• _Exercise goal_: Leave every picture out and return the rest of the listing verbatim.

• _Recorded information_:
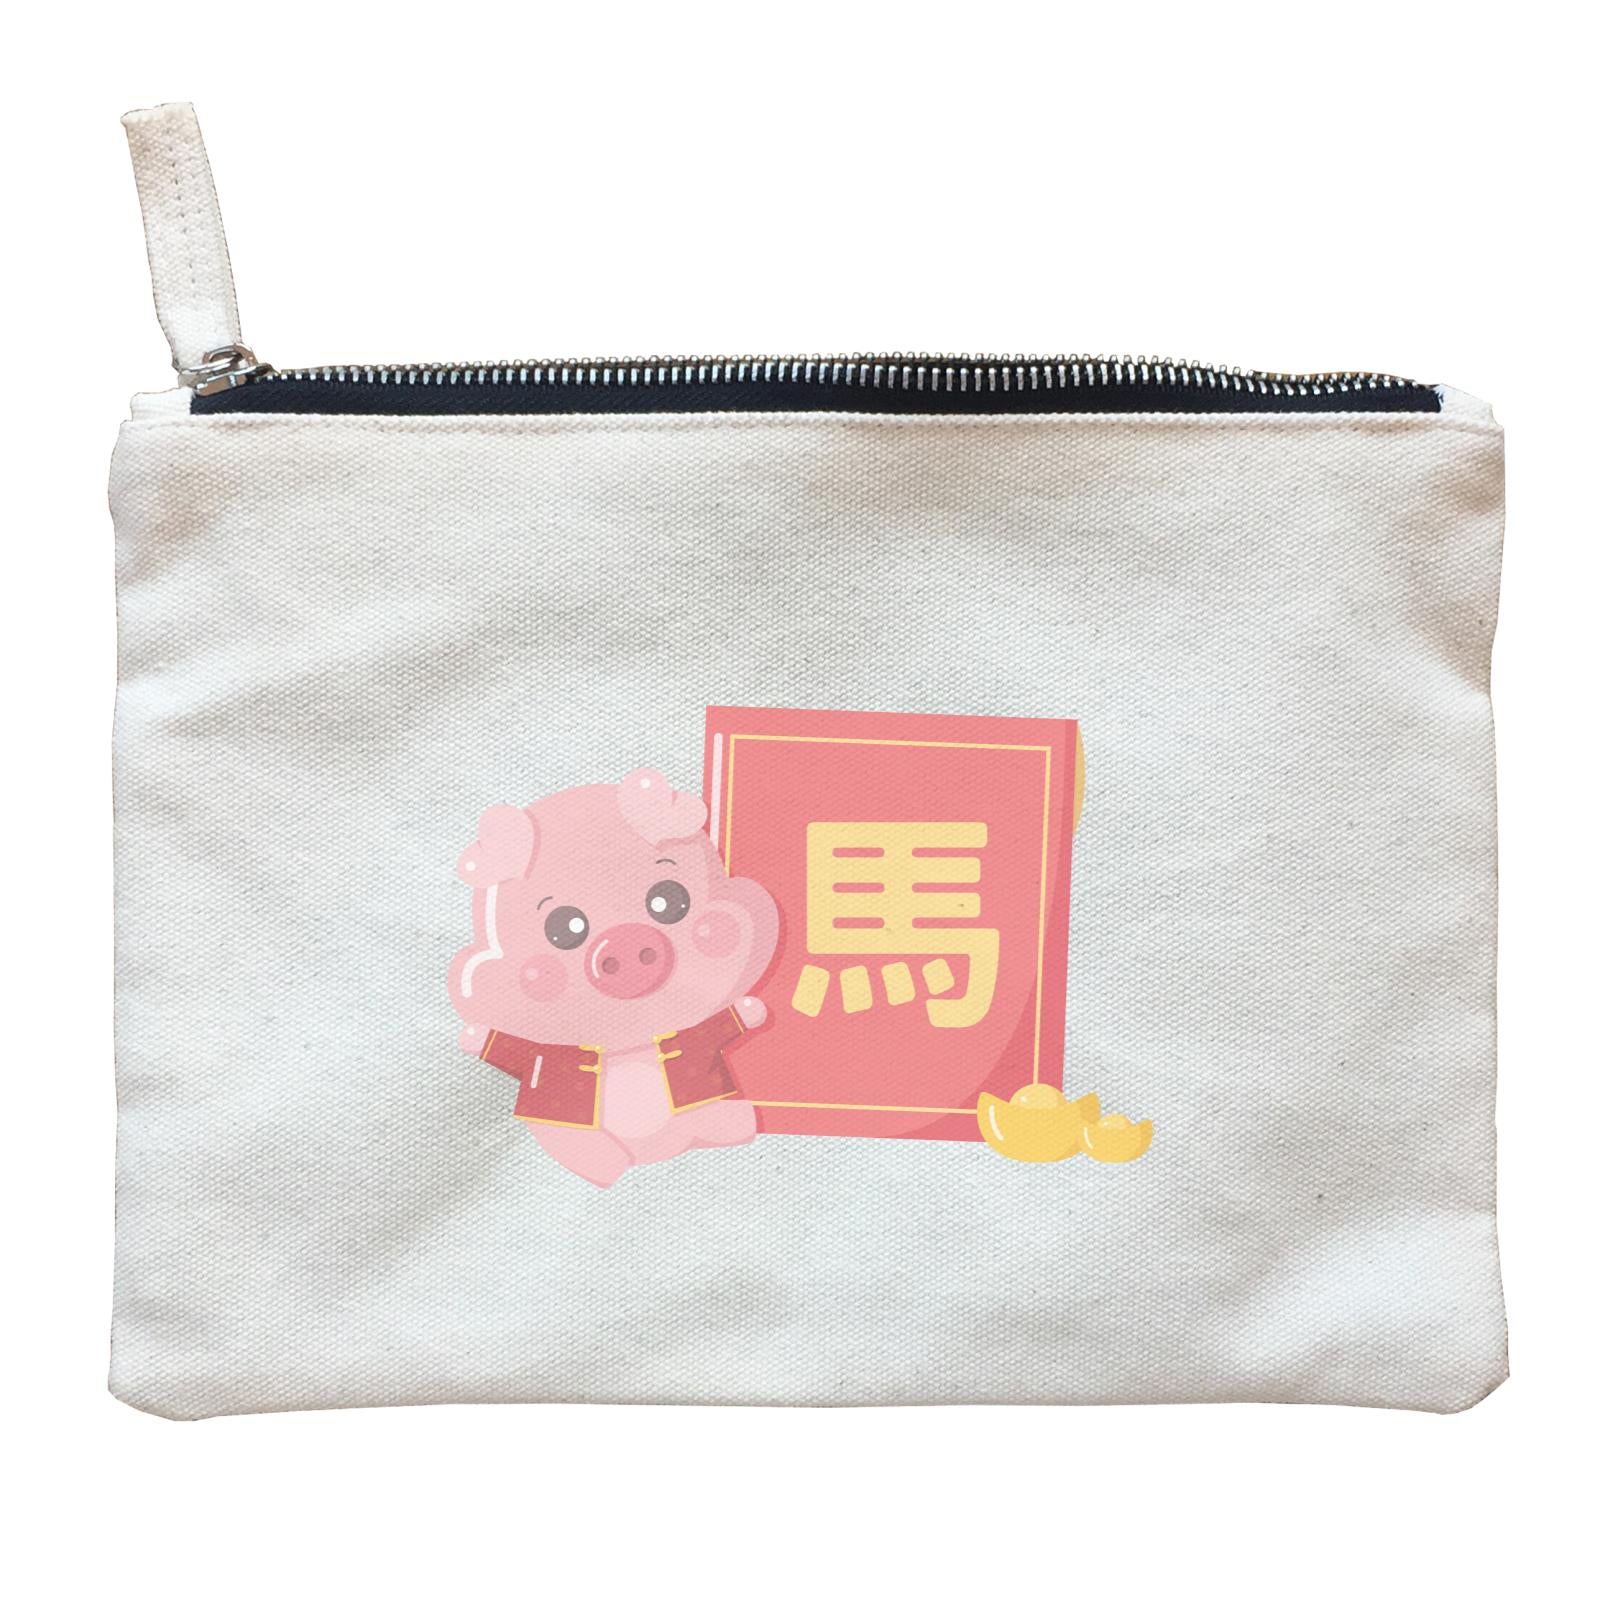 Chinese New Year Cute Pig Angpau Boy Accessories With Addname Zipper Pouch
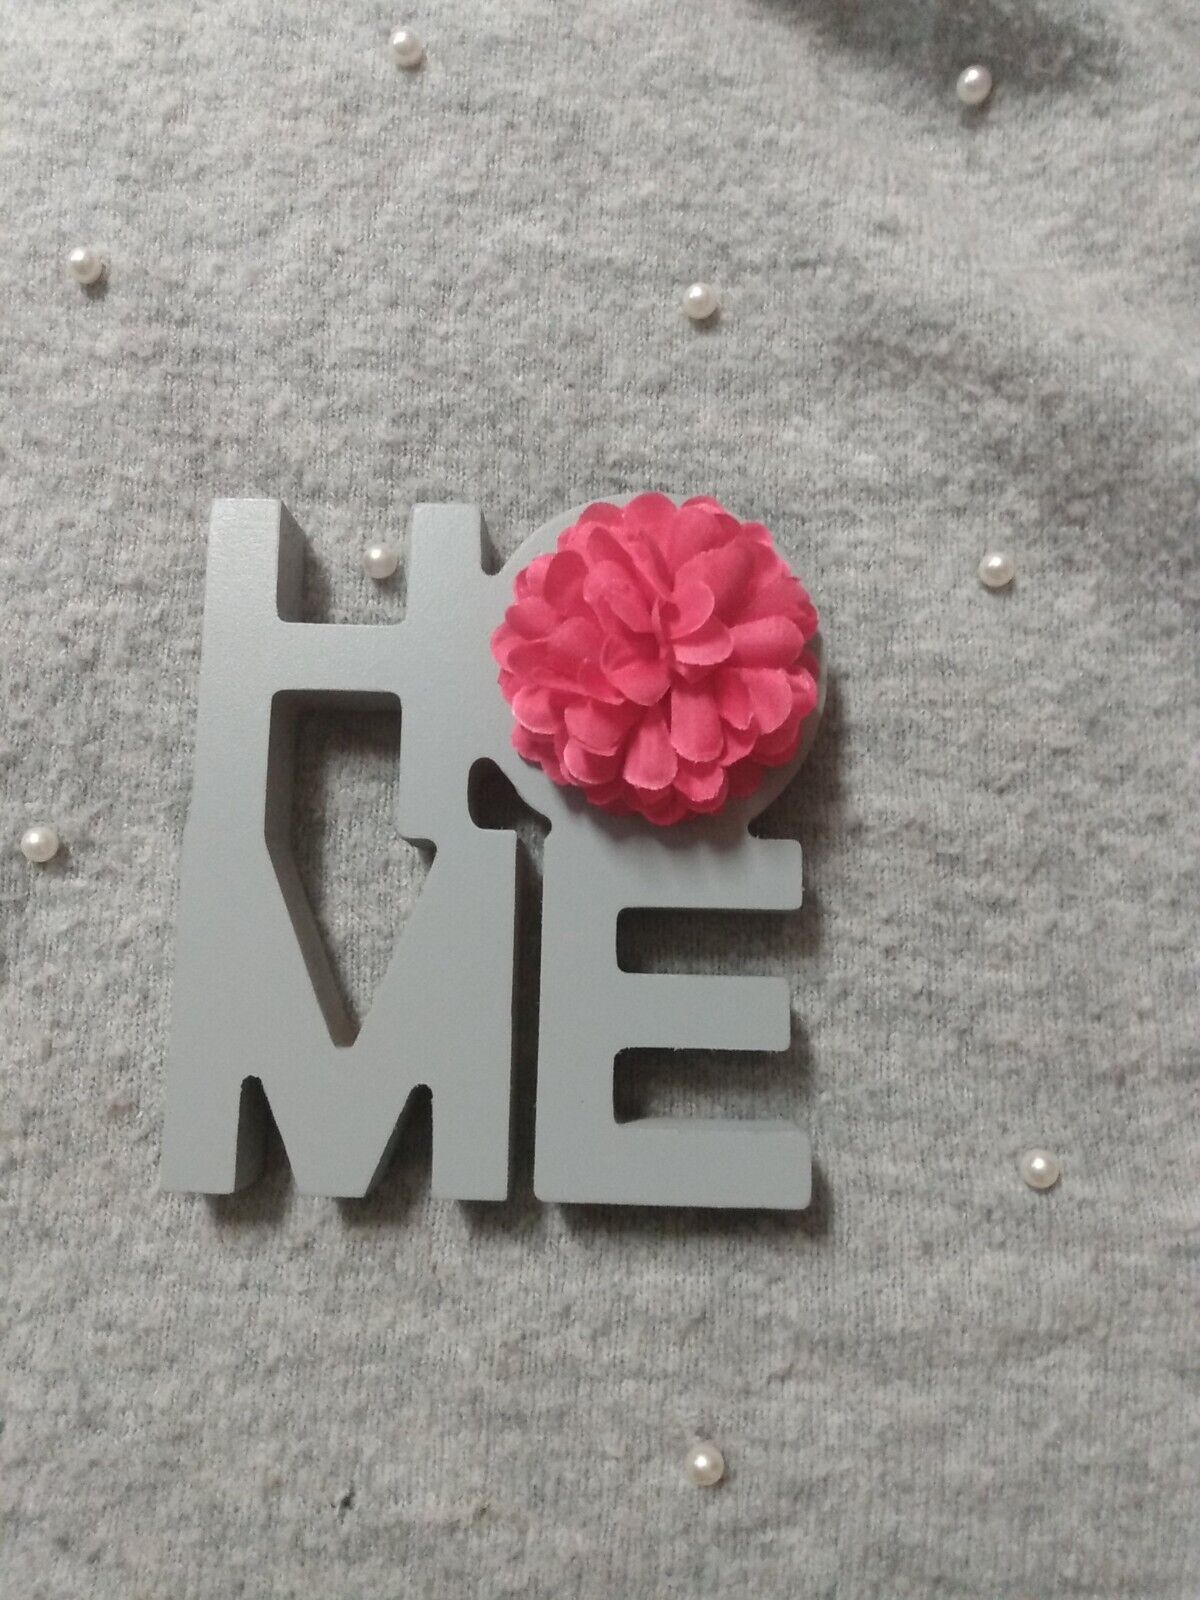 Wooden Home Decor With A Rose Attached To The Word "home
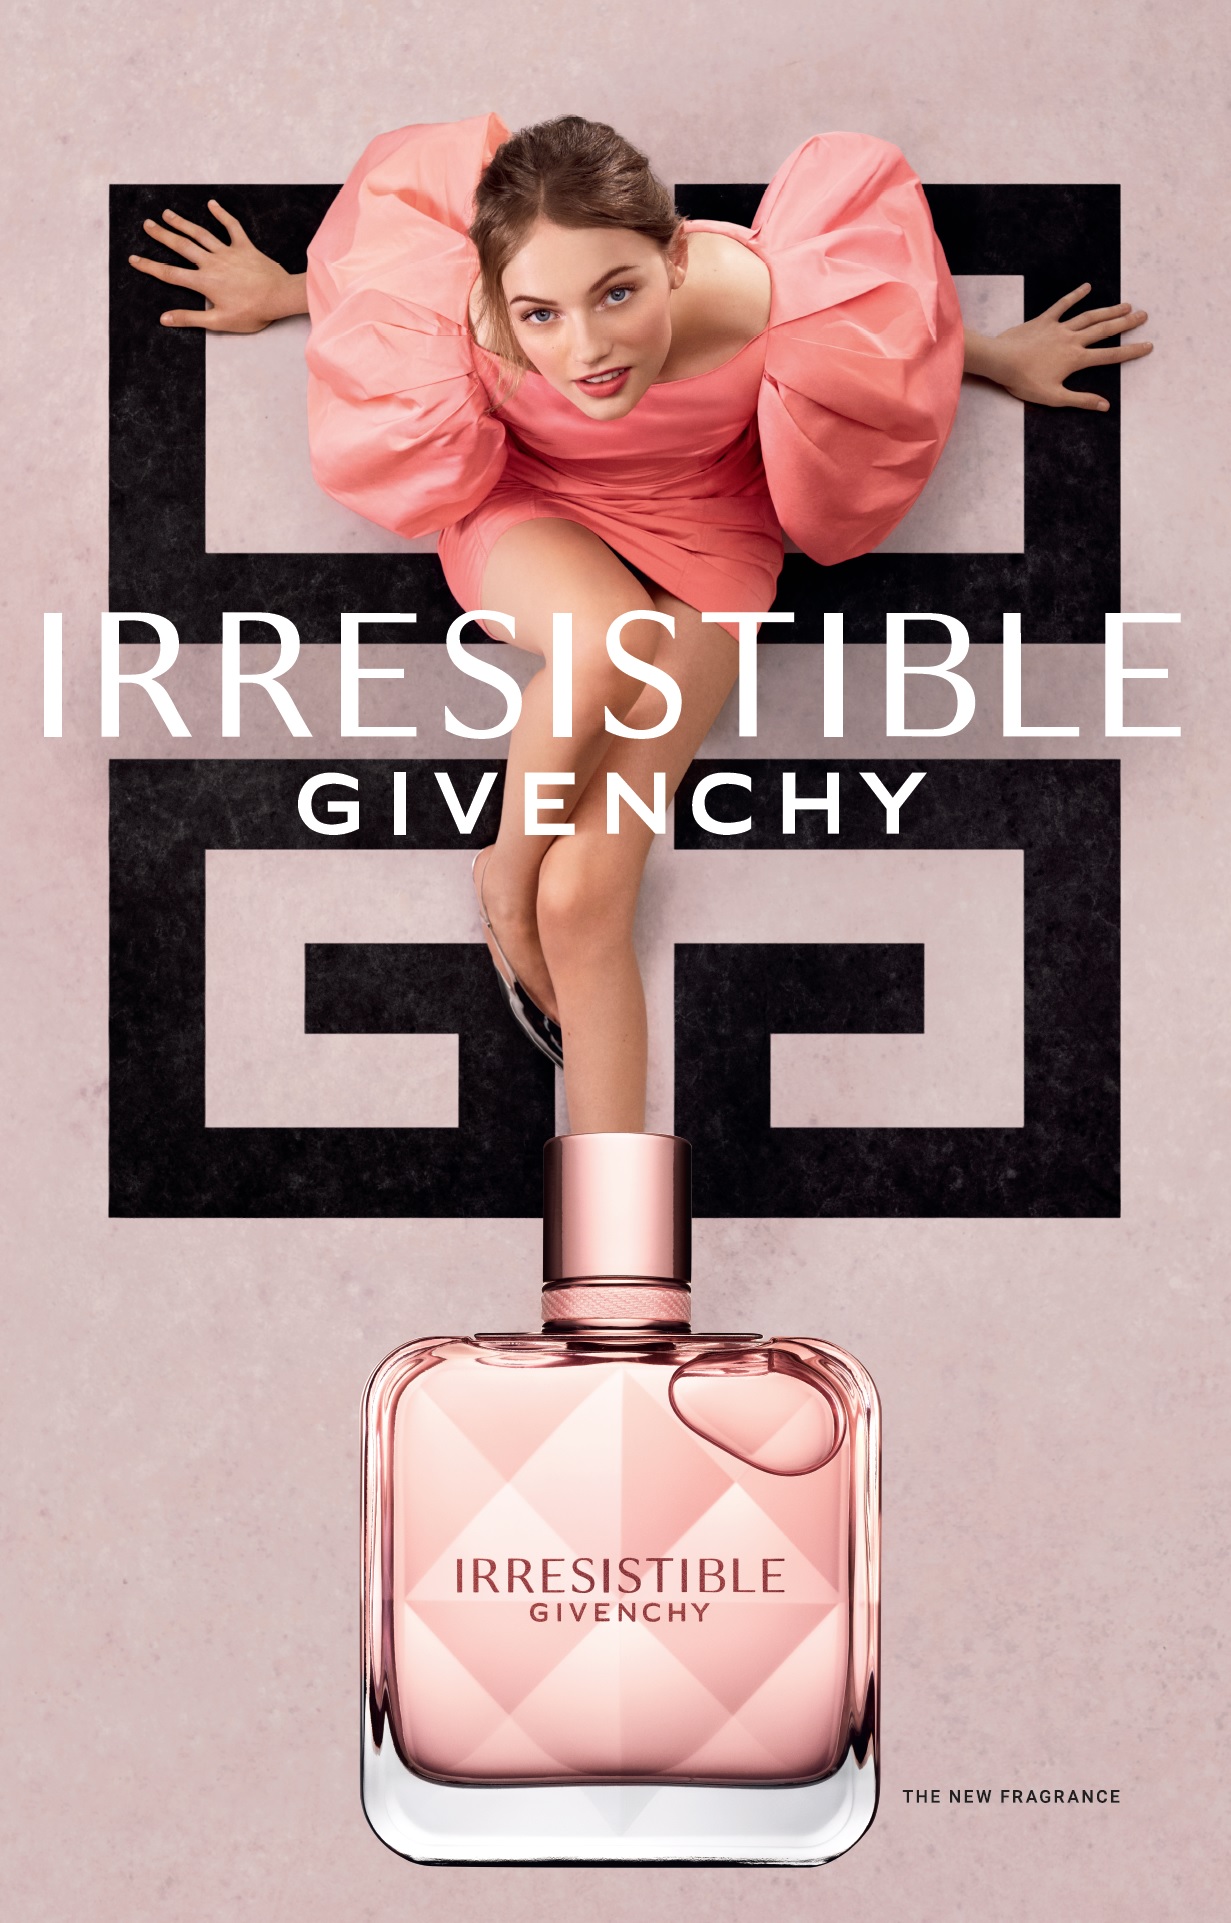 new givenchy fragrance

• _Result below_:
 Chinese New Year Cute Pig Angpau Boy Accessories With Addname Zipper Pouch
 Wooden Home Decor With A Rose Attached To The Word "home
 new givenchy fragrance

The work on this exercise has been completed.